-- Raw data follows --

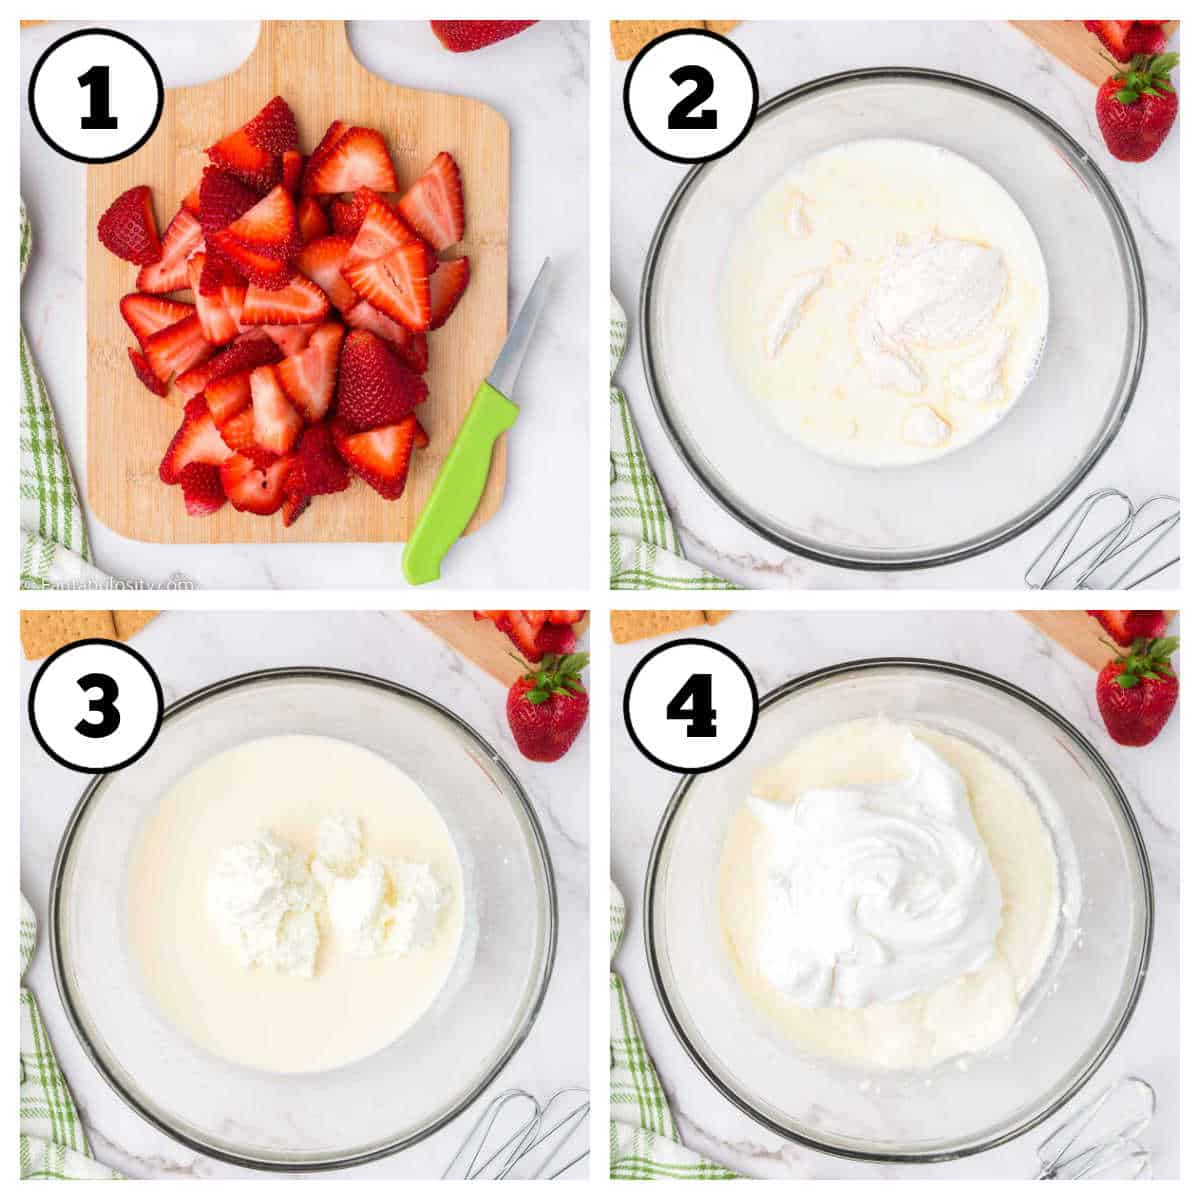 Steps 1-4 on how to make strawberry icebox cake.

-- Raw data concluded --
-- Raw data follows --

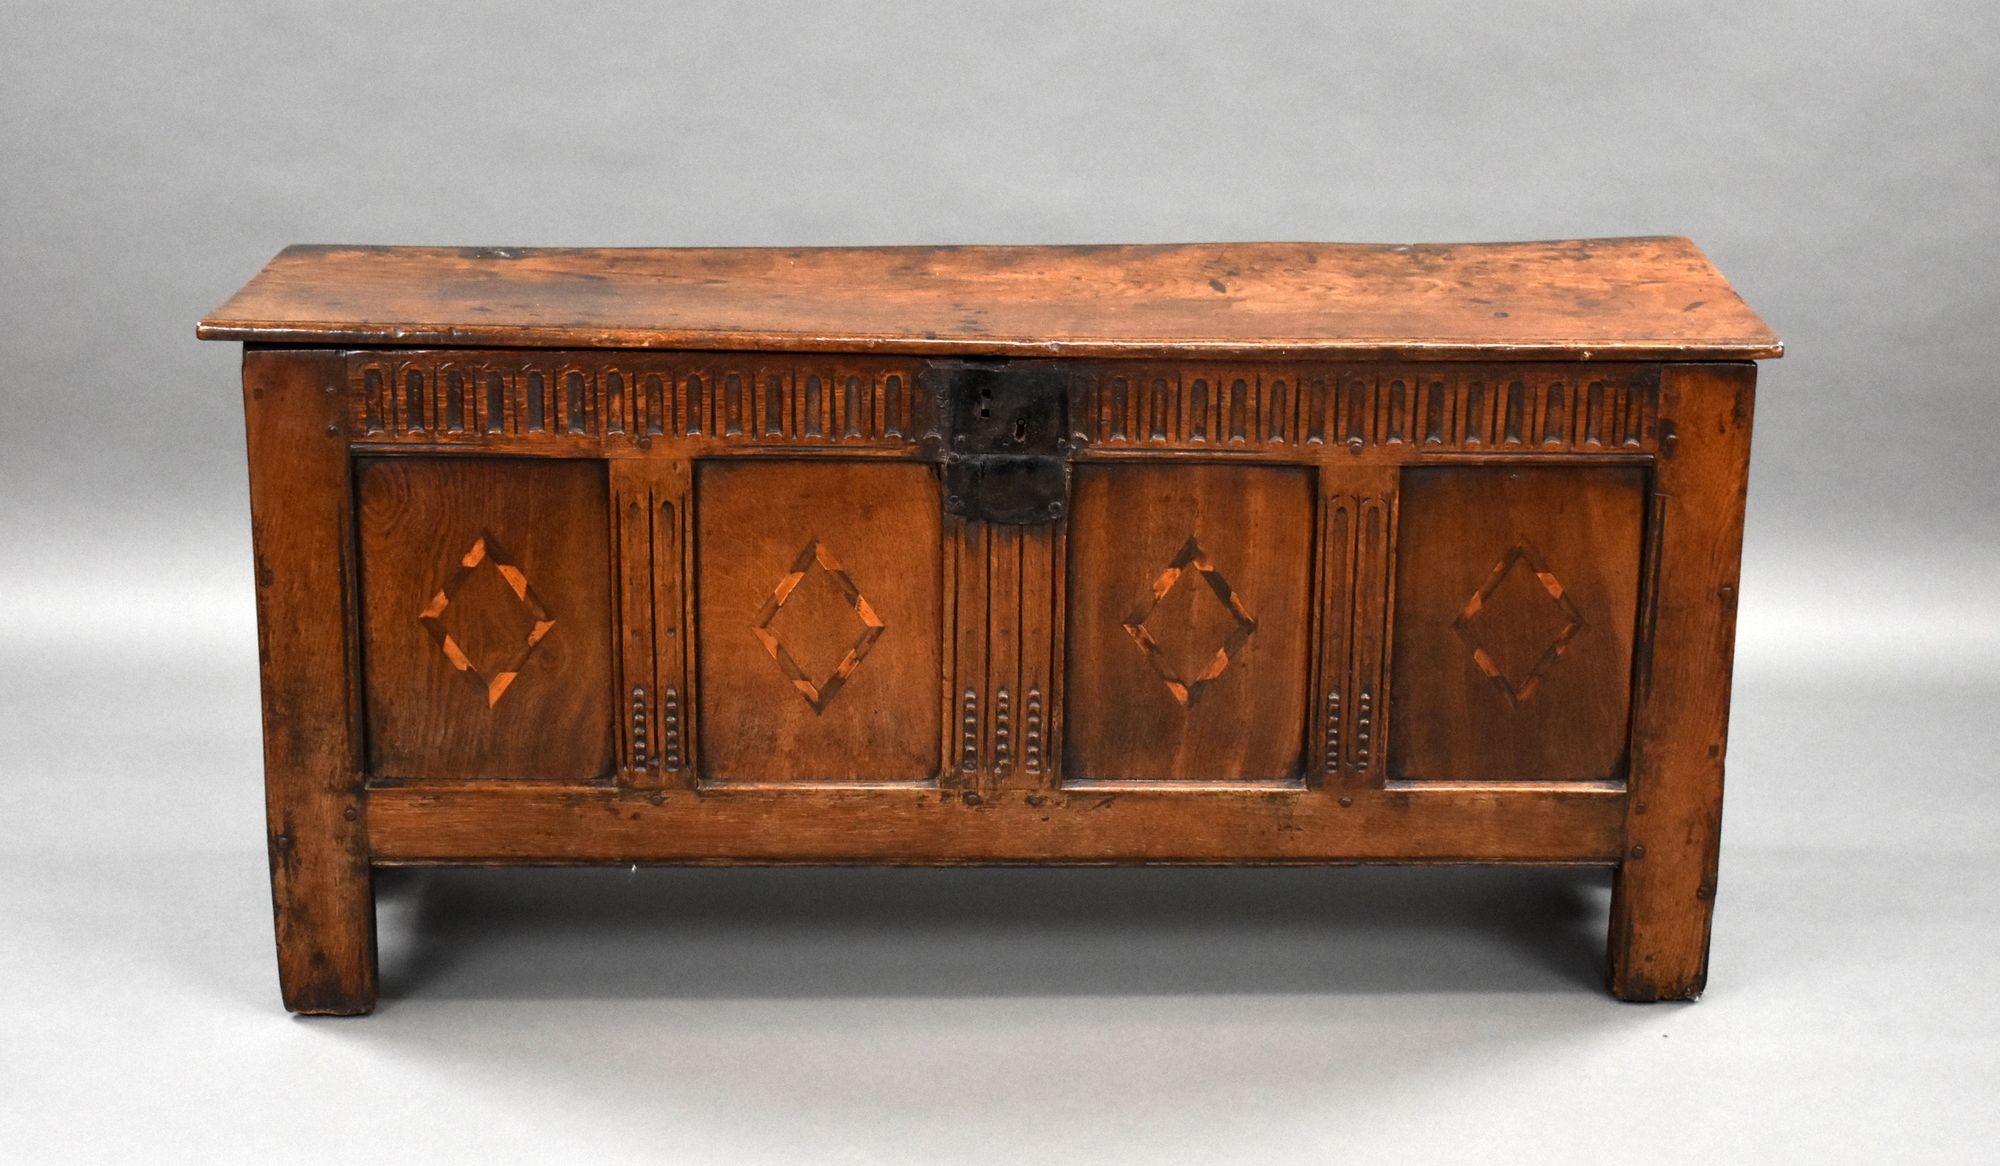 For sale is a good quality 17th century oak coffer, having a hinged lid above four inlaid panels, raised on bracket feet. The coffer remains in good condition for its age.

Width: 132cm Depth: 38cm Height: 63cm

-- Raw data concluded --
-- Raw data follows --

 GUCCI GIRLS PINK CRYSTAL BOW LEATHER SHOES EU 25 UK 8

-- Raw data concluded --

In the listing above, find the line with "For sale is" and the line with "Width: 132cm Depth: 38cm Height: 63cm". Set down both and every line between them, minus the pictures.

> **Output for this task**
 For sale is a good quality 17th century oak coffer, having a hinged lid above four inlaid panels, raised on bracket feet. The coffer remains in good condition for its age.

Width: 132cm Depth: 38cm Height: 63cm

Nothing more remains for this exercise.